In a sense, “that’s obscure” is synonymous with “I don’t know that” – although obviously there are things we can all agree lie outside the area of general knowledge, such as the actor who played “Extra in Wedding Scene” in The Godfather or the original name of Intercourse, USA (yes, there really is one), although I’m sure there are people who do know such things. But it is churlish – and selfish – to dismiss as obscure anything that falls outside one’s own range of interest.
One of the quirks of British culture, something I’ve never come across in the Czech Republic since I moved here in 2010, is the belief that some areas of knowledge belong only with the privileged classes and are therefore to be scorned. That was the cause of the Sun’s bone-headed attitude towards an uncommonly intelligent young woman, and since we’re back to University Challenge again, I’ll mention something that started to irritate me about it around the early 2000s.
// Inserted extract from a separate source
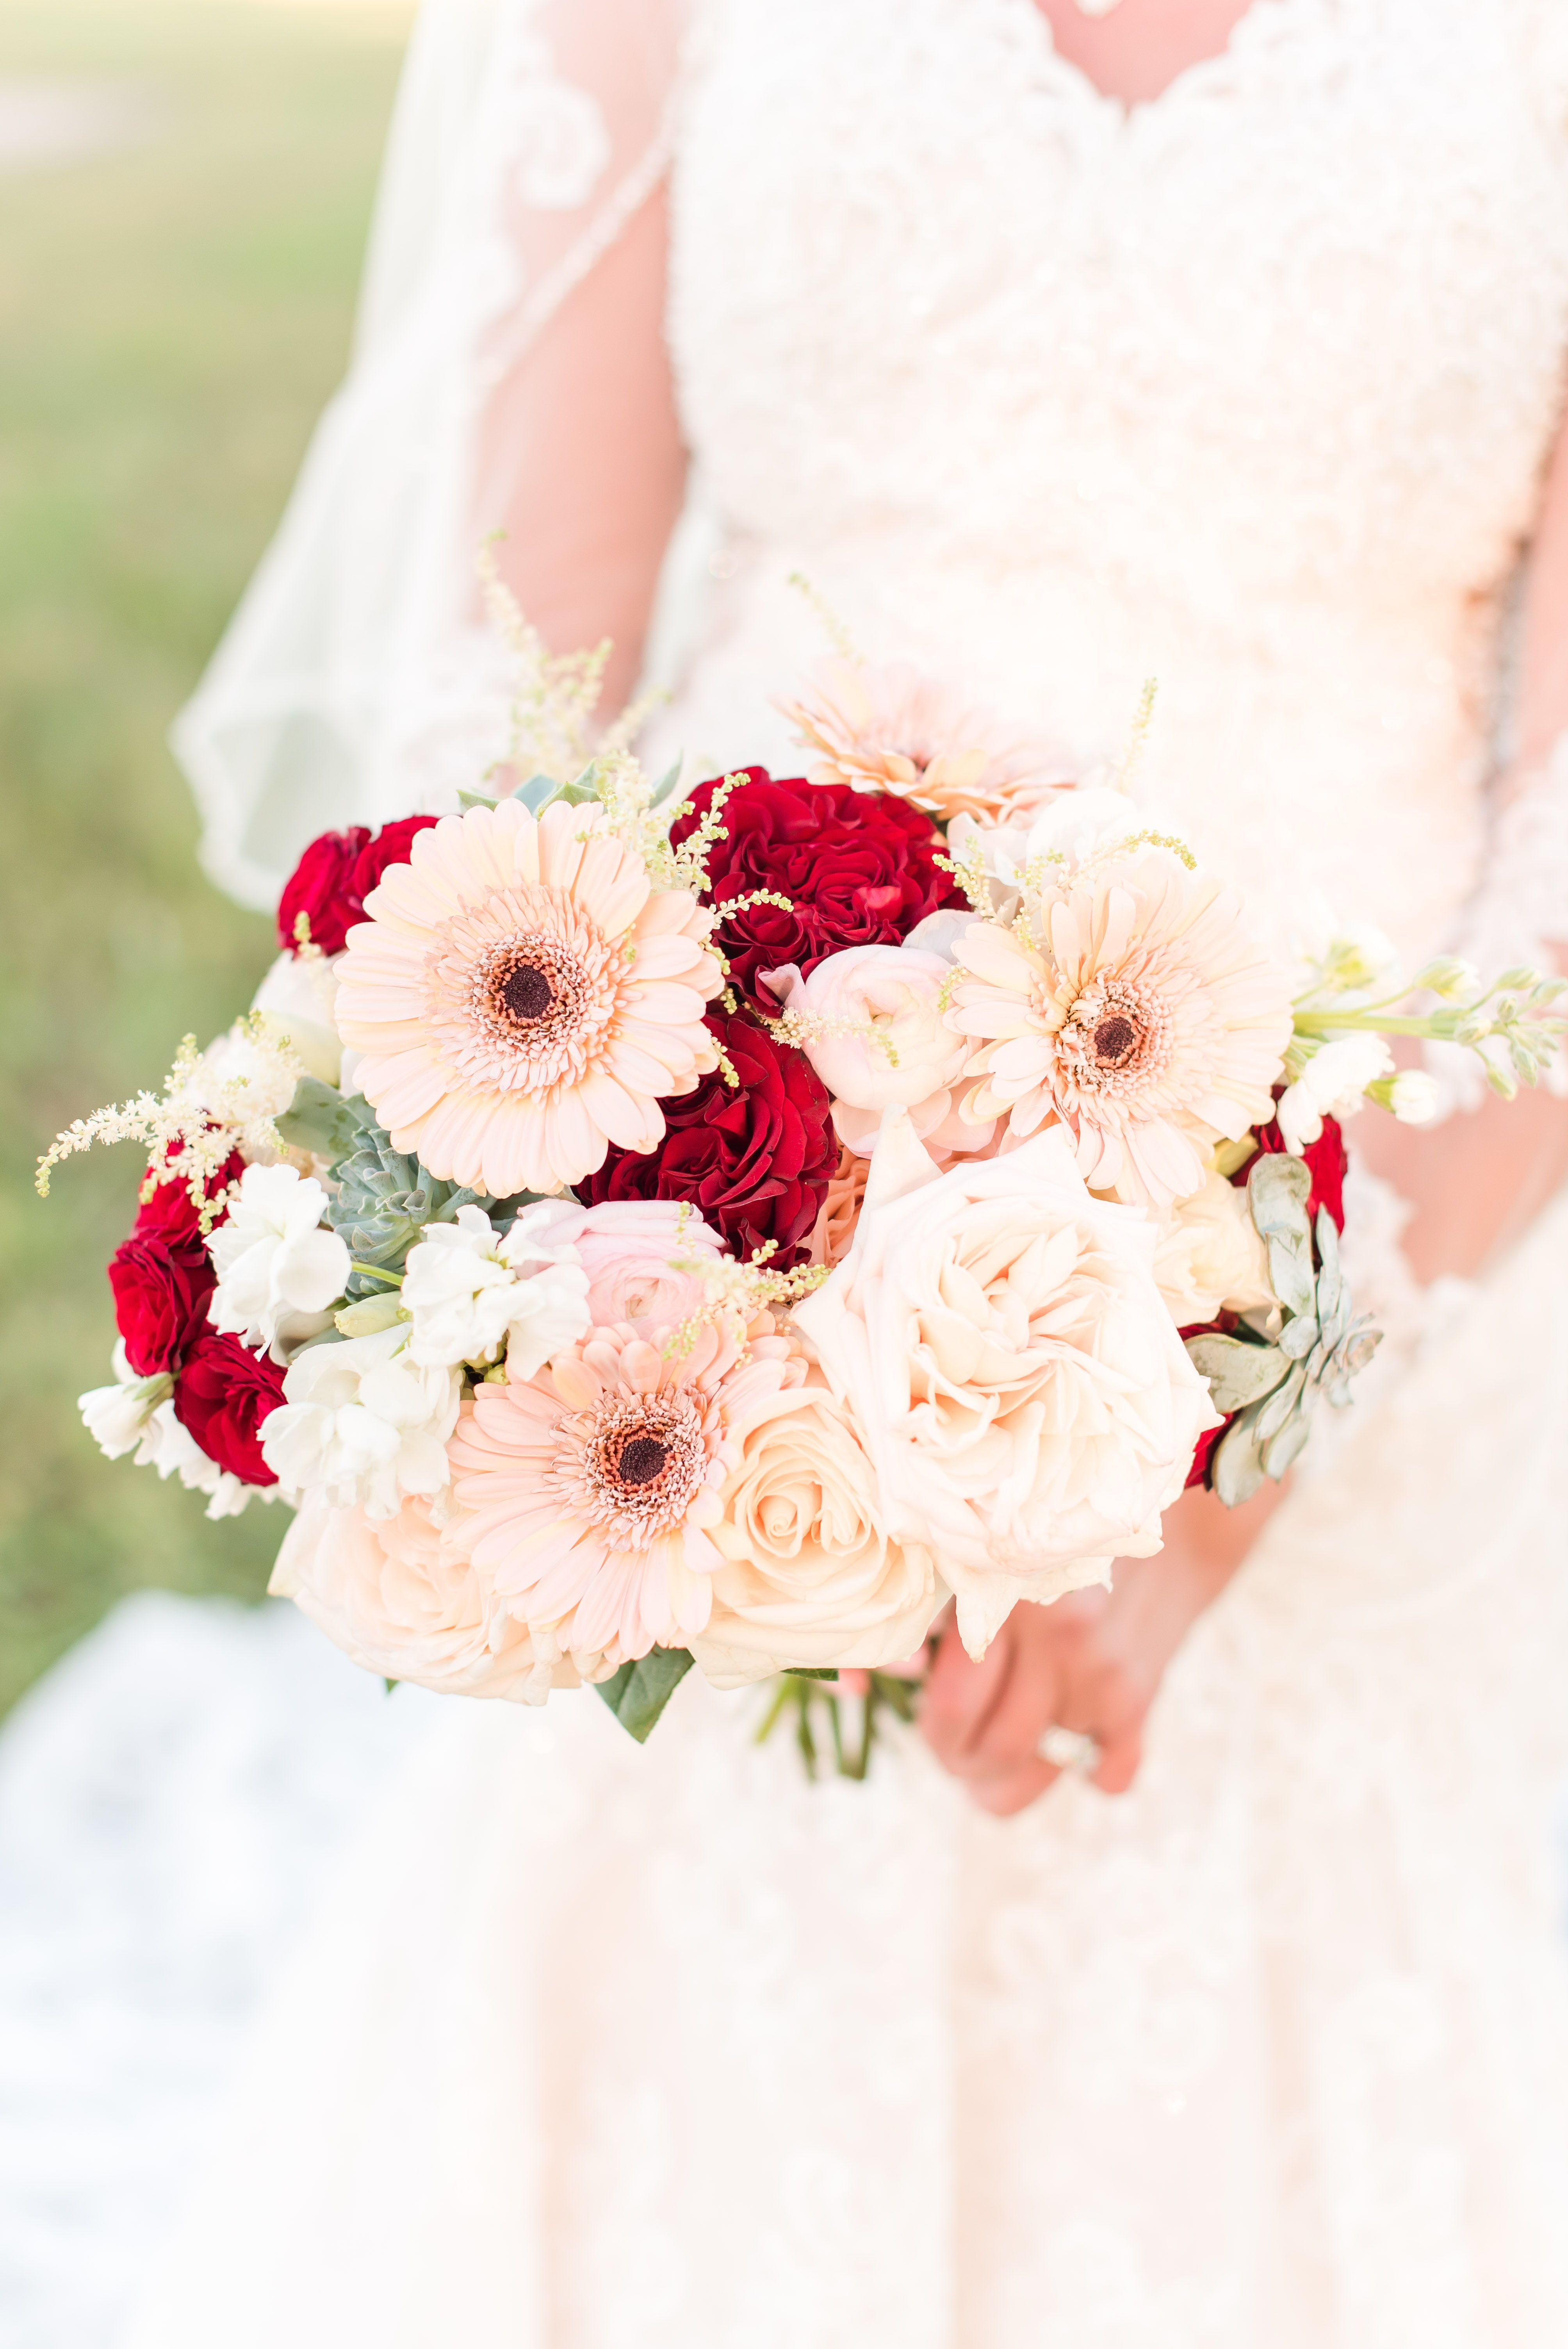 Burgundy and rose gold wedding in 2020 fall wedding

It seemed to have become obligatory for almost every contestant to preface his or her answer with “Is it…?” That’s fine when the answer is obviously a guess, but when someone buzzes in with “Is it 2,4-dinitro-5-fluoroaniline?” you get the impression that person’s trying a bit too hard not to look like a smart-arse for fear of losing street cred. (Miss Trimble didn’t do this, to her credit.) I can’t help wondering if some of the commenters on crossword blogs who complain about references to Shakespeare, Greek mythology or, of course, classical music are doing the same thing in a way.
Perhaps I’m being unfair, but the point is that if crossword puzzles abandoned anything that could be criticised as “too much GK” they’d become as samey and repetitive as Sudoku. The great, late Araucaria recognised this and often included themes based on poetry, history, literature and music in his puzzles. As a result he introduced his solvers to cultural treasures which might otherwise have gone undiscovered. Araucaria’s deserved high standing meant he could get away withan the rest of us can, but I believe that crosswords should be educational as well as fun. There is nothing wrong with including answers which involve general knowledge of any sort, so long as the setter makes sure that the wordplay is clear, unambiguous and not too difficult.
I take the view that if I don’t know something that’s my fault, not the setter’s. Yes, I’ll groan when a puzzle contains a lot of pop or football references, but I’ll put up with them if I can have my opera from time to time. And at least I’ll have learned something – so next time anyone is misguided enough to include me in a quiz team, I might be even able to answer some of the questions.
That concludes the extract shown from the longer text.